AI Agent · Productivity Automation
AI Personal Assistant
Building an agentic AI to understand where it earns trust, and where it doesn't.
Agentic AI is one of the most overhyped and under-examined categories in product development. Every AI company is pitching agents that can 'do work autonomously', but few have been honest about where agents break trust, require human oversight, and cause more harm than help when they act without confirmation. I built a personal AI assistant not because I needed one, but because operating one in a real context was the only way to develop an accurate intuition about agentic failure modes.
- 1.Task Orchestration: Build an agent that can break compound tasks into steps, execute them in sequence, and handle partial failures without abandoning the full task.
- 2.Context Management: Design the context window strategy for multi-turn, multi-day workflows, where the agent needs to remember decisions made in previous sessions.
- 3.Trust Boundary Mapping: Document empirically where agentic AI earns trust (routine, low-stakes, reversible actions) versus where it requires a human in the loop (irreversible, high-stakes, or ambiguous intent).
- 4.Guardrail Architecture: Design a guardrail system that applies different confirmation requirements based on action category, not a blanket 'confirm everything' that defeats the purpose of automation.
- ◆Real Workflow Integration: Deployed the assistant into actual personal and professional workflows for 90 days, not a demo environment, but real tasks with real consequences.
- ◆Failure Logging: Maintained a structured log of every agent failure, categorising by failure type, task category, and whether a human-in-the-loop checkpoint would have prevented it.
- ◆Trust Calibration: Developed a trust scoring framework for action categories, mapping each to an autonomy level (full auto, confirmation required, human-only).
- ◆Guardrail Iteration: Iterated the guardrail design based on 90-day failure log analysis, converging on a minimal set of hard stops that prevented the high-severity failures without killing automation value.
The failure mode that shows up most in production agents isn't the dramatic one, it isn't the agent sending the wrong email or deleting the wrong file.
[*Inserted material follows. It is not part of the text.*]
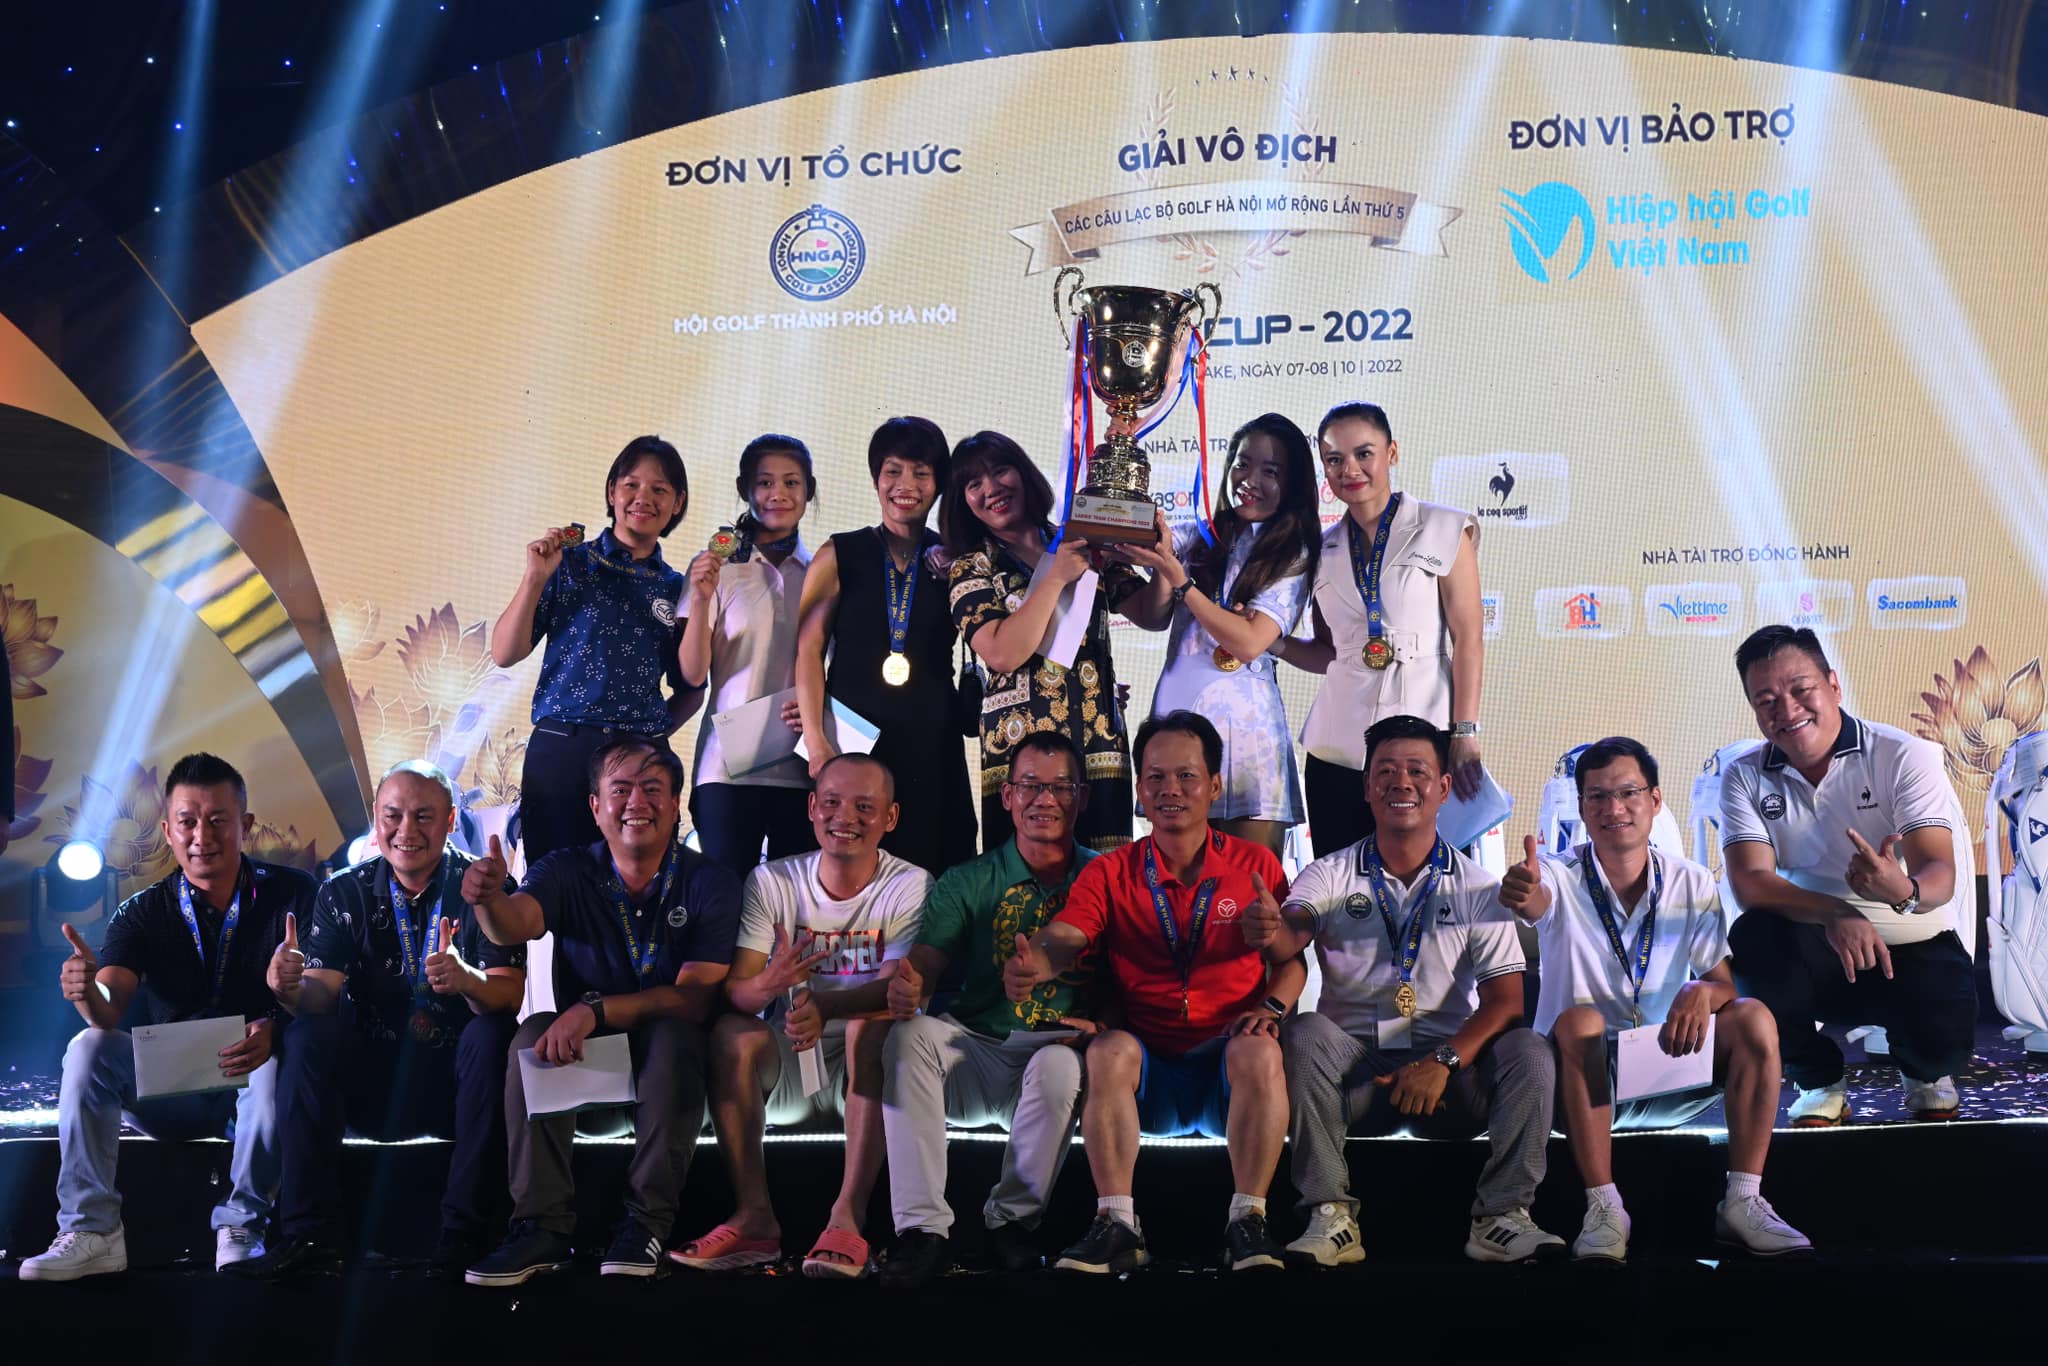 CLB golf nam G78 và CLB golf nữ ĐHQG lên ngôi vô địch tại VCK giải VĐ các CLB golf Hà Nội Mở rộng lần thứ 5 - PING Cup 2022

It's confident mediocrity: the agent completing a task in a way that's technically correct but wrong in context. It answered the literal question instead of the implied question. It scheduled the meeting without checking the agenda. It summarised the document without noting the anomaly that a human reader would have flagged. These failures are hard to prevent with guardrails alone, they require the agent to have a model of what 'good' looks like, not just 'done'.
The most useful output from this project wasn't the assistant itself, it was clarity on where agentic AI earns trust and what guardrails actually need to look like in practice. That understanding directly shapes how I evaluate and spec agentic AI products.
Hands-on intuition about agentic AI failure modes that no amount of reading about it can replace.